25. The drill bit of claim 19, wherein each superabrasive cutter
led by a bearing segment is carried on a preformed structure having
that segment formed thereon.
26. The drill bit of claim 18, wherein the bearing surfaces of at
least some of the bearing segments of the plurality protrude from
the bit body to at least two different heights.
27. The drill bit of claim 18, wherein the bearing surfaces of at
least some of the bearing segments of the plurality protrude from
the bit body to a first height and the bearing surfaces of at least
others of the bearing segments of the plurality protrude from the
bit body to a second, different height.
28. The drill bit of claim 18, wherein at least one of the bearing
segments of the plurality is pivotably mounted to the bit body.
29. The drill bit of claim 18, wherein at least one of the bearing
segments of the plurality is rotatably mounted to the bit body.
30. The drill bit of claim 18, wherein at least one of the bearing
segments of the plurality comprises a pad having a bearing surface
with an aperture opening thereinto extending from an internal
passage in the bit body.
31. The drill bit of claim 18, wherein at least some portions of
the bearing surfaces of at least some of the bearing segments of
the plurality are provided with wear-resistant structures.
32. The drill bit of claim 31, wherein the wear-resistant
structures are selected from the group comprising tungsten carbide
inserts, polycrystalline diamond compacts, thermally stable
polycrystalline diamond compacts, natural diamonds, diamond grit,
diamond film, and cubic boron nitride compacts.

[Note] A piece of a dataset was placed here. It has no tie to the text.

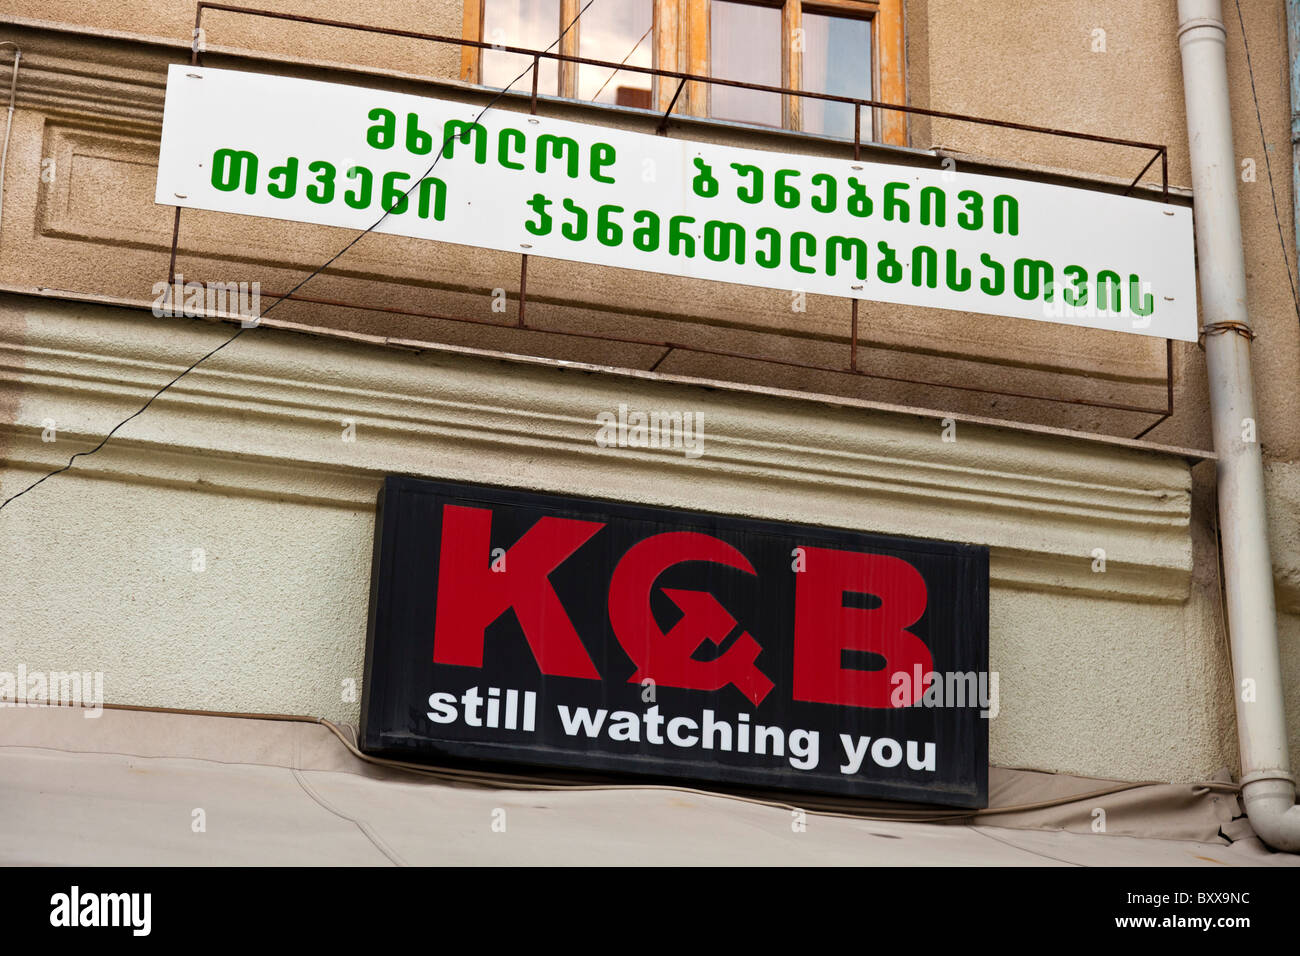 KGB noch watching you - schwarzer Humor in einem Restaurantnamen in Vereinigte Arabische Emirate. JMH4076 Stockfoto
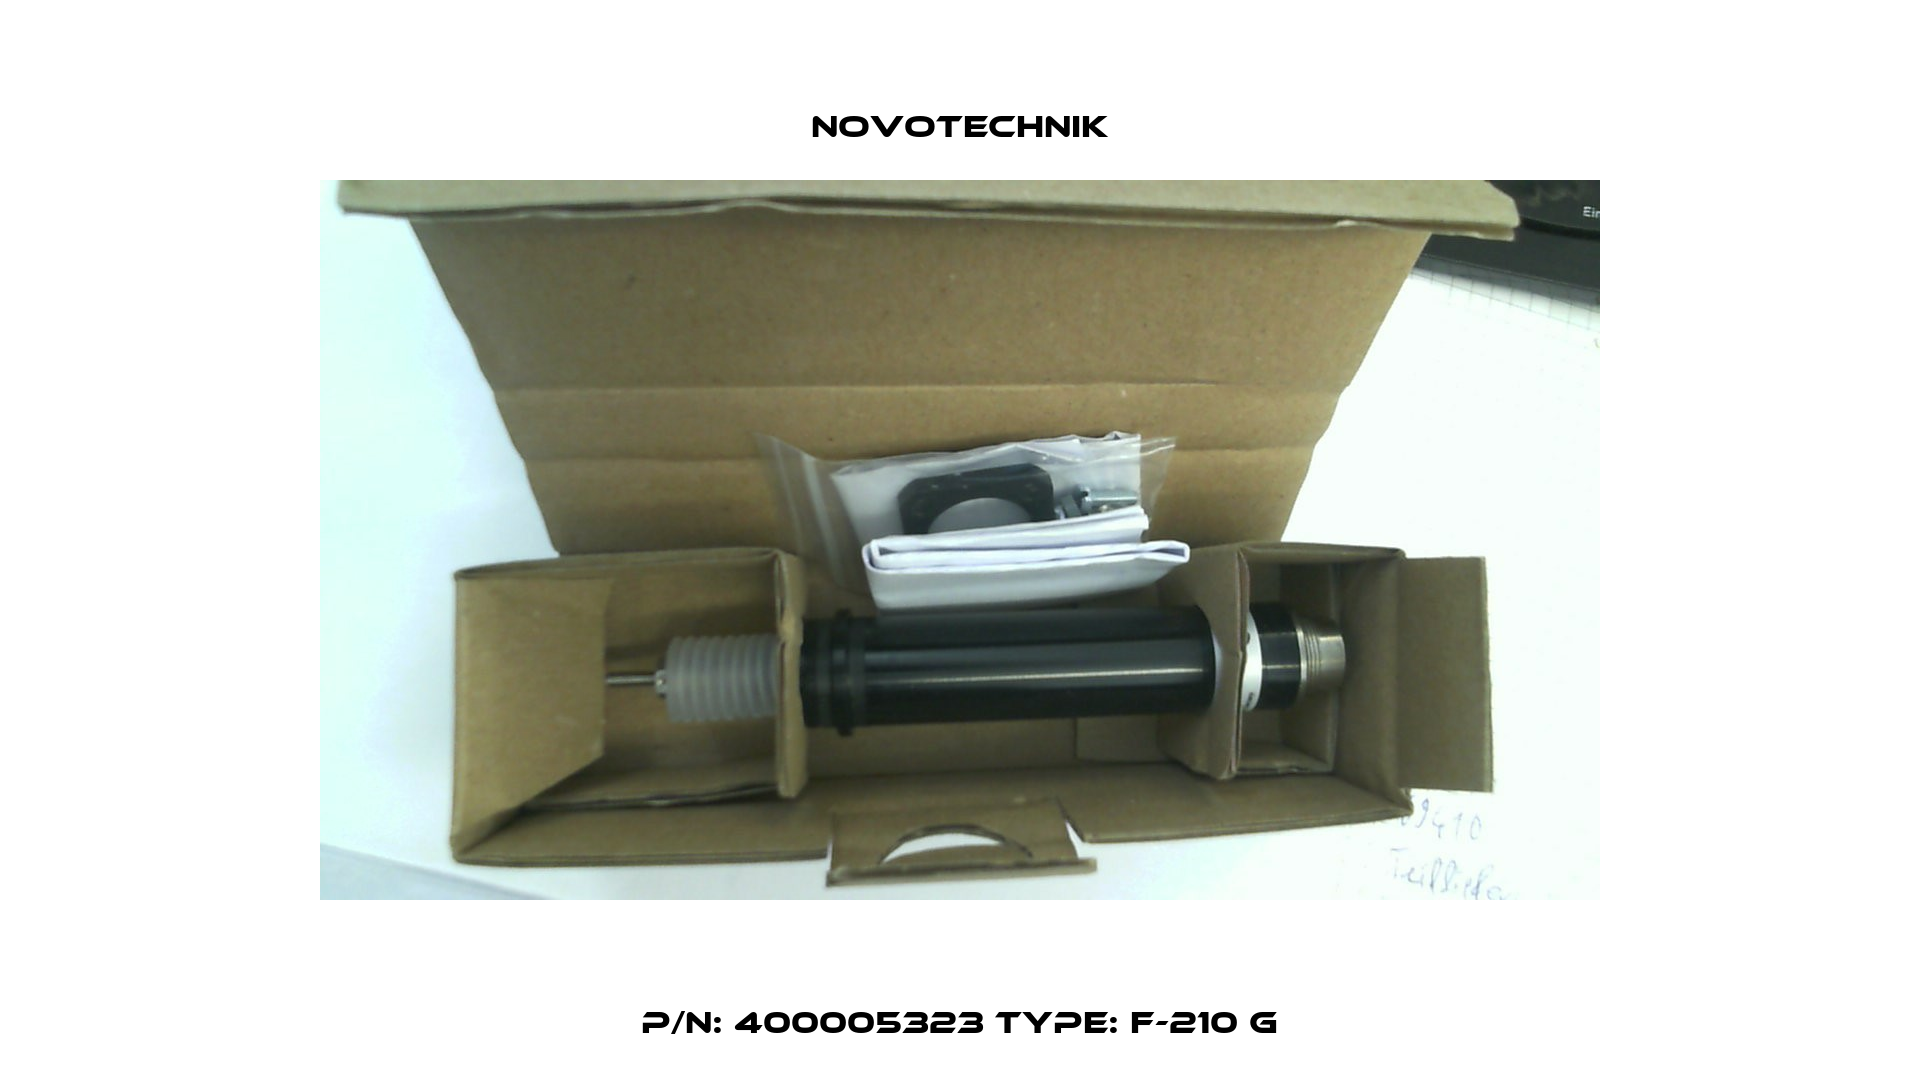 P/N: 400005323 Type: F-210 G Novotechnik

33. A drill bit for subterranean drilling, comprising:
a bit body including a longitudinal axis and a leading end for
contacting a formation during drilling and a trailing end having
structure associated therewith for connecting the drill bit to a
drill string;
at least one superabrasive cutter secured to the bit body over the
leading end at a radius from the longitudinal axis; and
at least one exterior feature for controlling penetration of the at
least one superabrasive cutter into the formation on the leading
end on the same radius as and rotationally preceding the at least
one superabrasive cutter, the at least one exterior feature being
configured as an arcuate bearing segment.
34. The drill bit of claim 33, wherein the at least one exterior
feature includes a bearing surface for contacting the formation,
the bearing surface being sloped at an angle determined at least in
part by an extent of the penetration of the at least one
superabrasive cutter controlled by the at least one exterior
feature and an intended rotational speed for the drill bit.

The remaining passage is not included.